The struggle over Israel/Palestine is not just another contest by competing nationalisms or an instance of geopolitical competition. It is also about control of sacred territory that involves local Jews, Muslims, and Christians as well as worldwide faith communities, each with their own interests and stake in what transpires. Troen's examination of this complex subject presents the multiple positions within the great monotheistic traditions. It demonstrates that the secular discourses in the public square concerning ownership privileges, historical precedence, political rights, and justice that have allegedly replaced religious claims actually coexist with, and often complement, the theological; all while considering the century-long tangle of secular and theological debates about Israel's legitimacy.

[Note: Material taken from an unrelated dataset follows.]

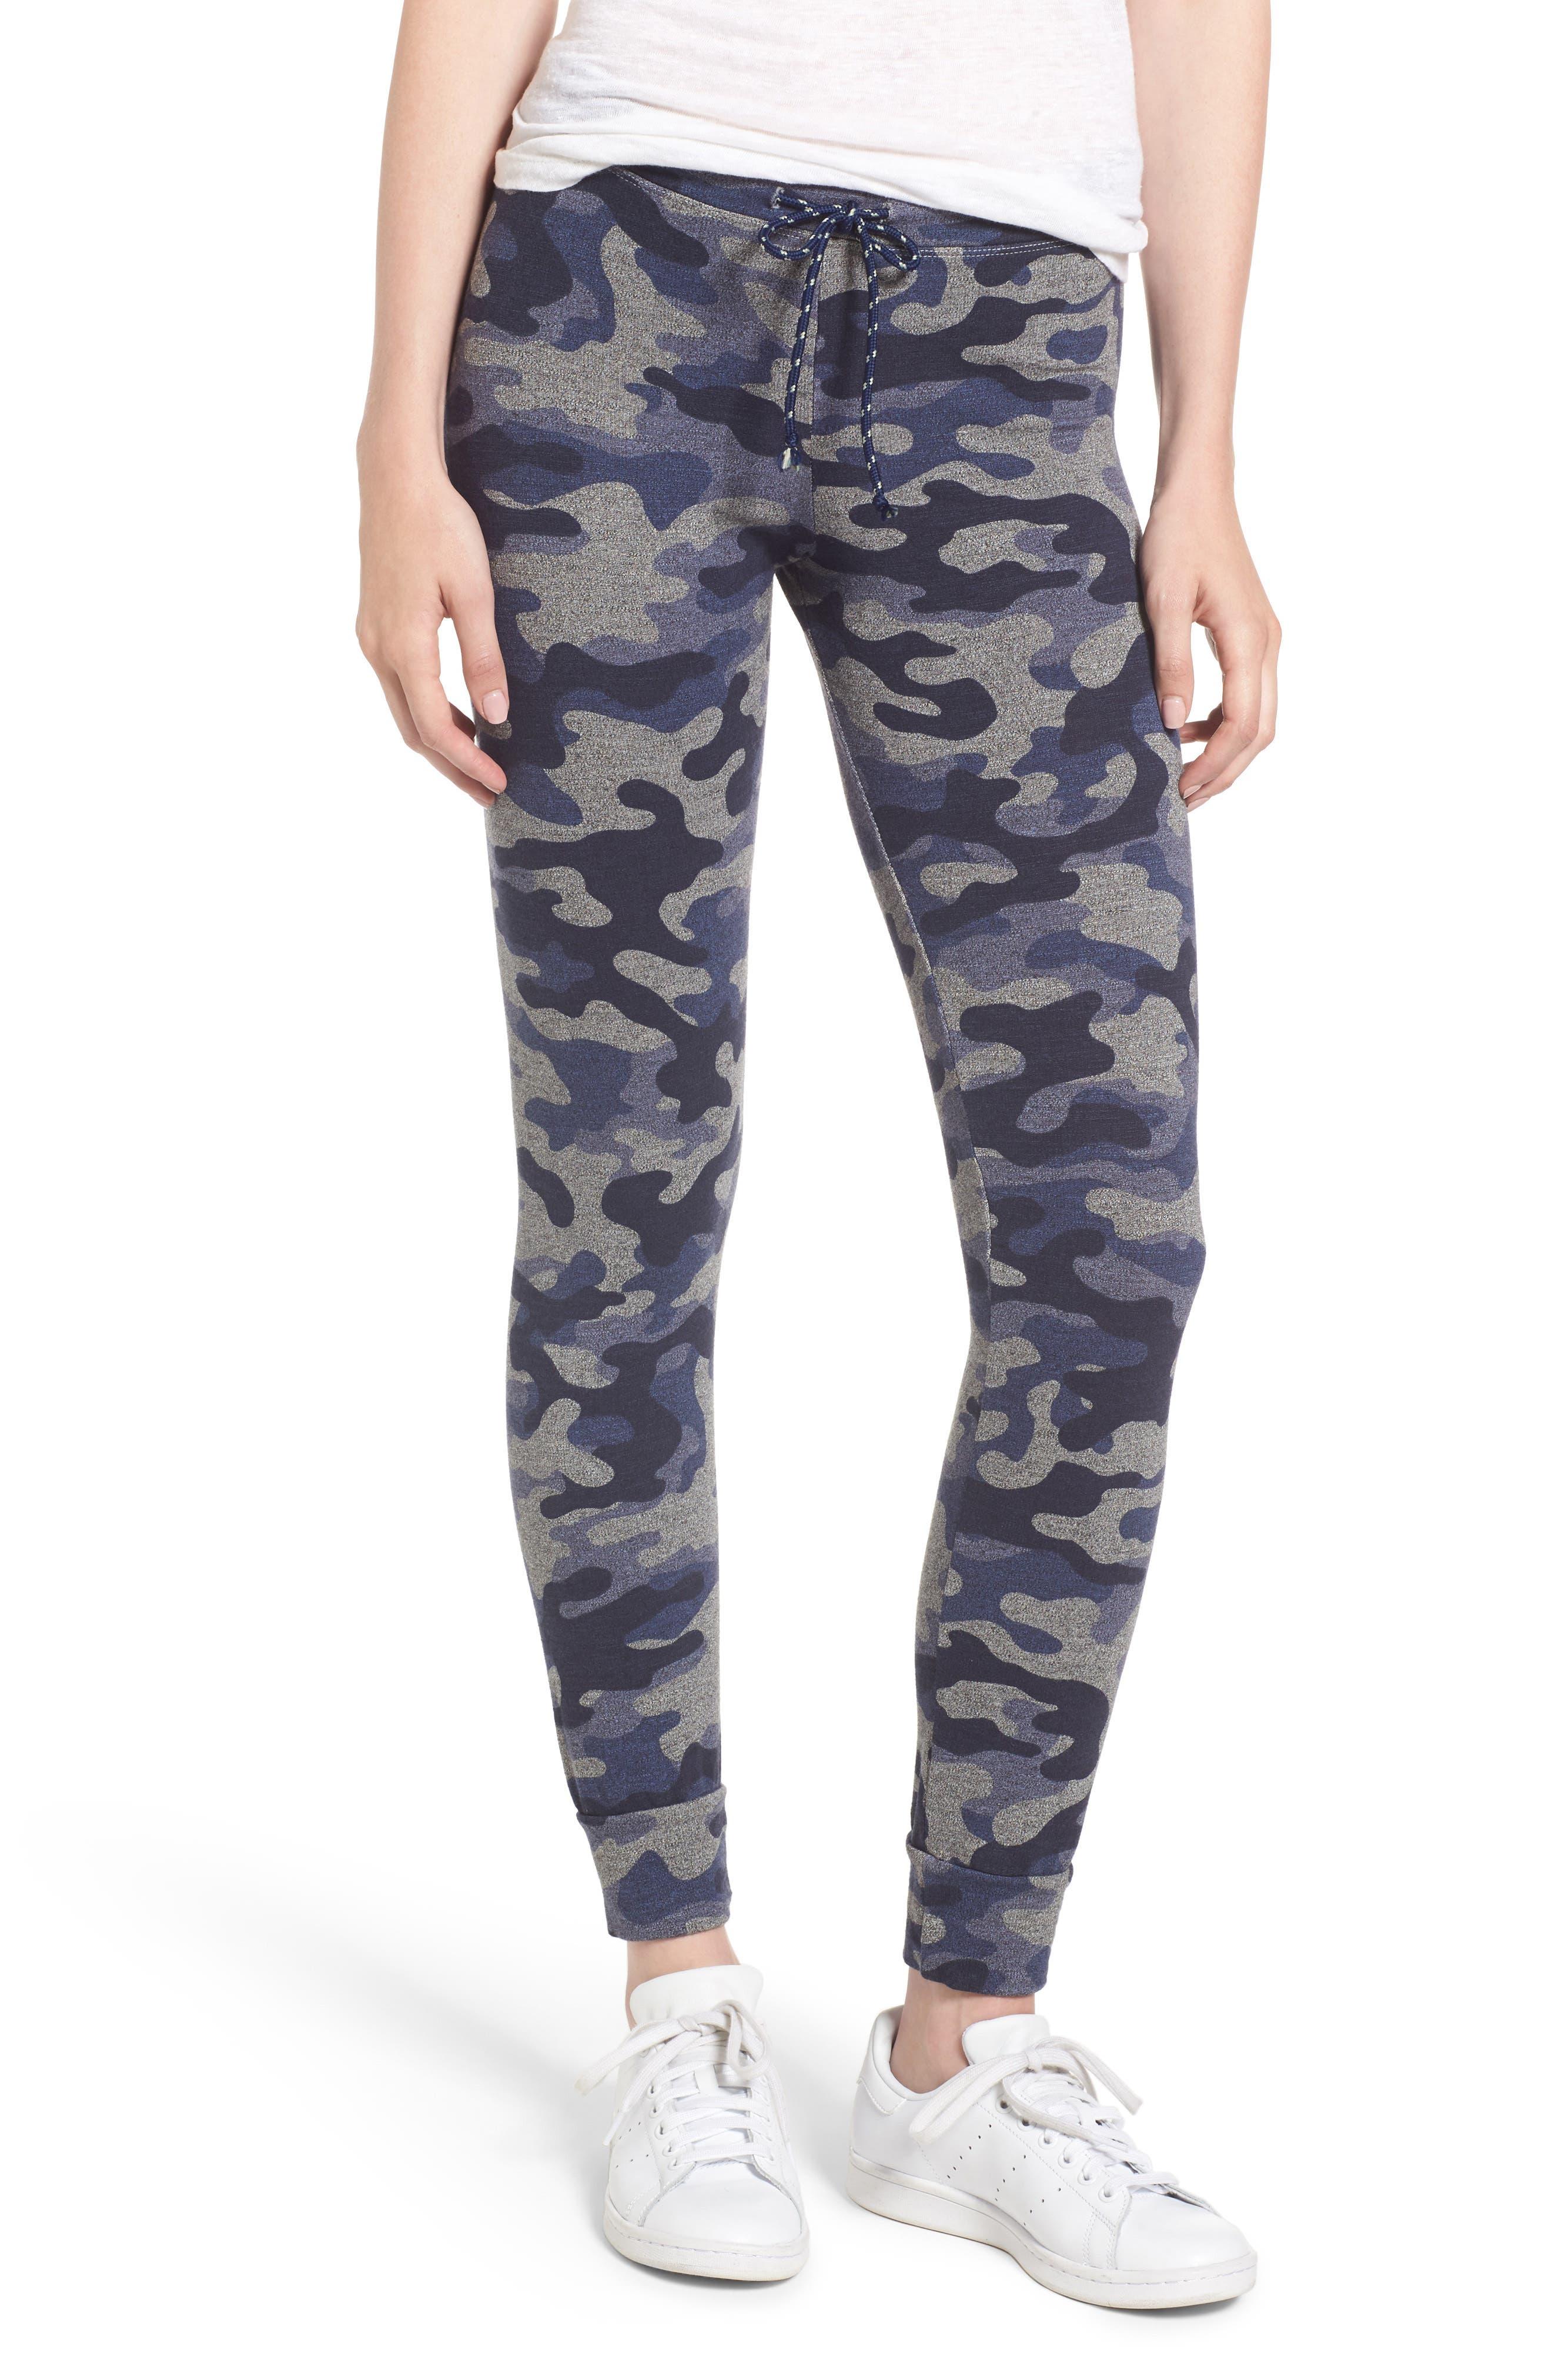 Alternate Image 1 Selected - Sundry Camo Skinny Sweatpants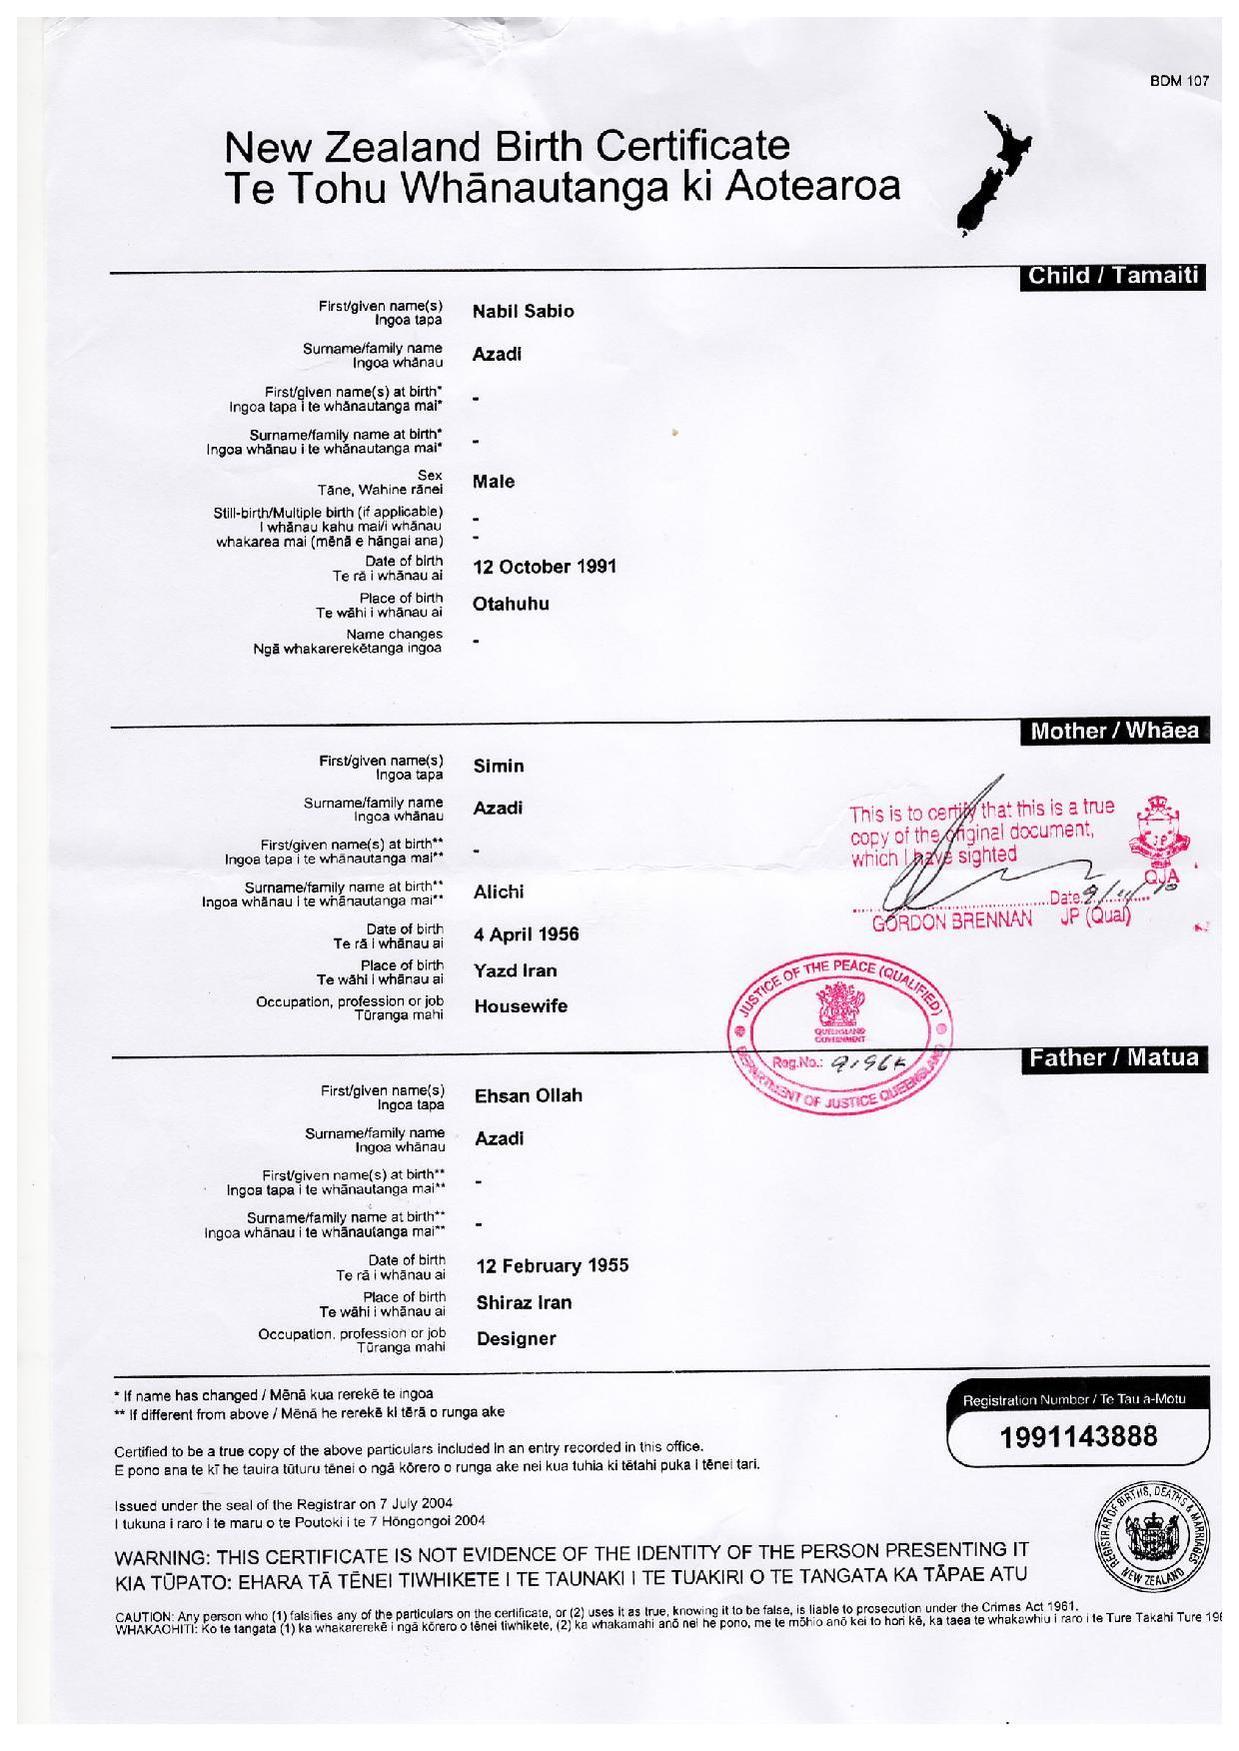 Filenabil sabio azadis birth certificatepdf wikimedia commons filenabil sabio azadis birth certificatepdf aiddatafo Images

Ilan Troen is emeritus of both the Stoll Family Chair in Israel Studies (Brandeis, 2017), and the Lopin Chair of Modern History (Ben-Gurion University, 2007). He is the immediate past president of the Association for Israel Studies. He has served as dean of Humanities and Social Sciences at Ben-Gurion University of the Negev and as director of the Ben-Gurion Research Institute and Archives in Sede Boker, Israel. He has authored or edited numerous books in American, Jewish and Israeli history. He is also the founding editor of "Israel Studies" (Indiana University Press), the leading journal in this new field and has co-edited the "Schusterman Series in Israel Studies" which has been superseded by the Indiana University Press series on Perspectives on Israel Studies.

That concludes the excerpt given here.